Las escaramuzas fronterizas entre Pakistán y el gobierno talibán se han ido apagando paulatinamente. Pese a haberse pactado la tregua el día 16 de octubre de 2025, los choques armados y los bombardeos continuaron durante las siguientes 48 horas. De entre la maraña de hostilidades, se destacan las siguientes cifras de víctimas: al menos 32 muertos en Afganistán debido a los ataques pakistaníes y 7 soldados de dicho país muertos en un atentado adjudicado a Tehreek-e-Taliban Pakistan (TTP).
Con todo, dichos incidentes violentos no obstruyeron la labor diplomática. El día 18, el alto al fuego fue extendido dos días más para dar un mayor margen de actuación a las comitivas negociadoras. Mientras, Irán se sumaba a las llamadas al cese de hostilidades. Finalmente, la intermediación de Catar y Turquía dio sus frutos.
El día 19, ambas partes firmaron un acuerdo de alto al fuego inmediato, por el cual se comprometían a cooperar en la lucha contra el "terrorismo transfronterizo" y a crear un mecanismo de supervisión del acuerdo en una futura reunión en Estambul, fechada para el 25 de octubre de 2025. Sin embargo, un gesto diplomático dejó entrever las corrientes de fondo actuales de la política afgana: los diplomáticos talibanes lograron que Catar retirase el término “frontera” de la declaración oficial.
La línea Durand no es una frontera legítima. Ese es el razonamiento que está proyectando al exterior el actual gobierno afgano. Pero dicho argumento no proviene de Kabul, sino de las áreas rurales de la provincia de Kandahar, histórico feudo talibán. Y es que, esas tierras son el hogar de la conferencia tribal pastún Ghilzai, origen étnico de todos y cada uno de los líderes del movimiento talibán afgano, incluido el actual emir Hibatullah Akhundzada.

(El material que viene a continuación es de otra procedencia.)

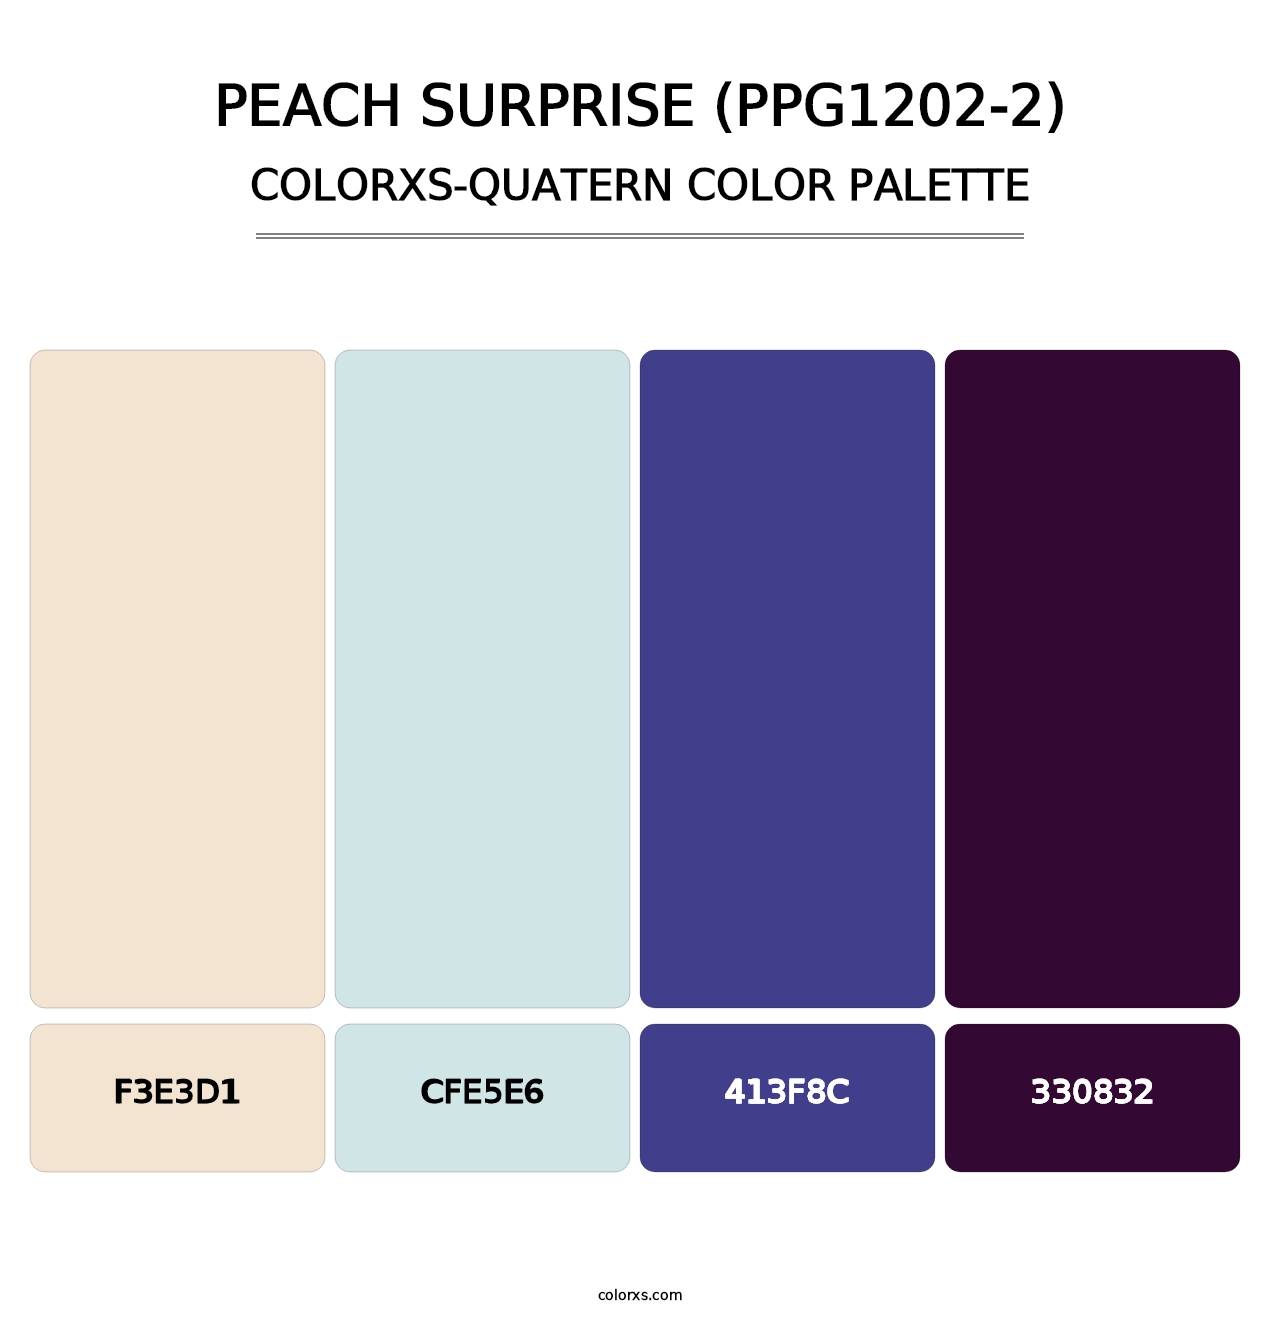 Peach Surprise (PPG1202-2) - Colorxs Quatern Palette

Fuentes afganas hablan del fortalecimiento del sentimiento antipakistaní dentro de la base social del talibán. Ello contrasta fuertemente con los estrechos vínculos con Islamabad de la conferencia tribal pastún Zadran, base sociológica de la Red Haqqani. Es precisamente el clan Haqqani el que protagoniza el grueso de las informaciones no confirmadas aún que traspasan las fronteras afganas.
Supuestamente, Sirajuddin Haqqani, actual ministro del interior de Afganistán, pese a no ser forzado a renunciar a su cargo, habría sido desposeído de gran parte de los poderes asociados al mismo. Inclusive, se afirma que podría hallarse recluido. Pese a la falta de información fiable, una cosa parece ser tangible en la política interna afgana: la rivalidad entre el movimiento talibán y la Red Haqqani es ya un hecho consumado.
Finalmente, las tensiones internas en Afganistán parecieran traspasar la dinámica de competición dentro de la etnia pastún. Las pruebas de ello provienen de la provincia de Badajshán. La más septentrional de las provincias afganas, de mayoría tayika e histórico bastión de la Alianza del Norte, ha sido controlada en gran medida gracias a la integración de sus élites en el movimiento talibán. Un proceso de integración que ahora parece revertirse con la degradación del caudillo Amanuddin Mansoor.